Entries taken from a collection
*****
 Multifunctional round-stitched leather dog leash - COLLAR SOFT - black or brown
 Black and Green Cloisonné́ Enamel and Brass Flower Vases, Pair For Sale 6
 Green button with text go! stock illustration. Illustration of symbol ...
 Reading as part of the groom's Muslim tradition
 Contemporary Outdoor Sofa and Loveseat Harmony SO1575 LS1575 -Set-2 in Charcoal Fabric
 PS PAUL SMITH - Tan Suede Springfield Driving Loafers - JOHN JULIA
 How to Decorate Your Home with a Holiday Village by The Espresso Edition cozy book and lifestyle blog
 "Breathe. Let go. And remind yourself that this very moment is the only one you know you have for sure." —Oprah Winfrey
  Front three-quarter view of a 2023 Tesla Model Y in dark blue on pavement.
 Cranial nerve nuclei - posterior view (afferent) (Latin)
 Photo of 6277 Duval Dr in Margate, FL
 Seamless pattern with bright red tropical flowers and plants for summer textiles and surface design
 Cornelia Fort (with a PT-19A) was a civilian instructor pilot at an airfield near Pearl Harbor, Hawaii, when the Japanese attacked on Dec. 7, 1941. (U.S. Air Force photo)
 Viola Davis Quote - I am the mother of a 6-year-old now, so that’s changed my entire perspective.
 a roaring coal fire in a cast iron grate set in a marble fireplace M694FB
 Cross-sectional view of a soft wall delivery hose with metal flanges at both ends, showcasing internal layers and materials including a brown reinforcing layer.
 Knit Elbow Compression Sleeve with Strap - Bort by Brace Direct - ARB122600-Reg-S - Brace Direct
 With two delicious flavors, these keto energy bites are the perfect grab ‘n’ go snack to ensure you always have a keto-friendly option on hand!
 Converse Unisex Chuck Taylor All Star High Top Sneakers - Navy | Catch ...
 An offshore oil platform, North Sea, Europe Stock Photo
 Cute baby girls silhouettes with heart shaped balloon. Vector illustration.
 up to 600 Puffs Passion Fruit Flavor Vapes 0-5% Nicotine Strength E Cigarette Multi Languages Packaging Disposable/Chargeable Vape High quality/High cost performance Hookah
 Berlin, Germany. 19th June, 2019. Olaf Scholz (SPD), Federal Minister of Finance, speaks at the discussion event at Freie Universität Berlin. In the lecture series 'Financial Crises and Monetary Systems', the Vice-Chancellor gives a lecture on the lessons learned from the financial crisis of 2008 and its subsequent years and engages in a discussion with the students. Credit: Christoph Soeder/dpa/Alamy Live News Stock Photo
*****
Return, please, the lines of the data from the first through the line containing "Green button with", both kept, exactly as they stand and nothing more.

 Multifunctional round-stitched leather dog leash - COLLAR SOFT - black or brown
 Black and Green Cloisonné́ Enamel and Brass Flower Vases, Pair For Sale 6
 Green button with text go! stock illustration. Illustration of symbol ...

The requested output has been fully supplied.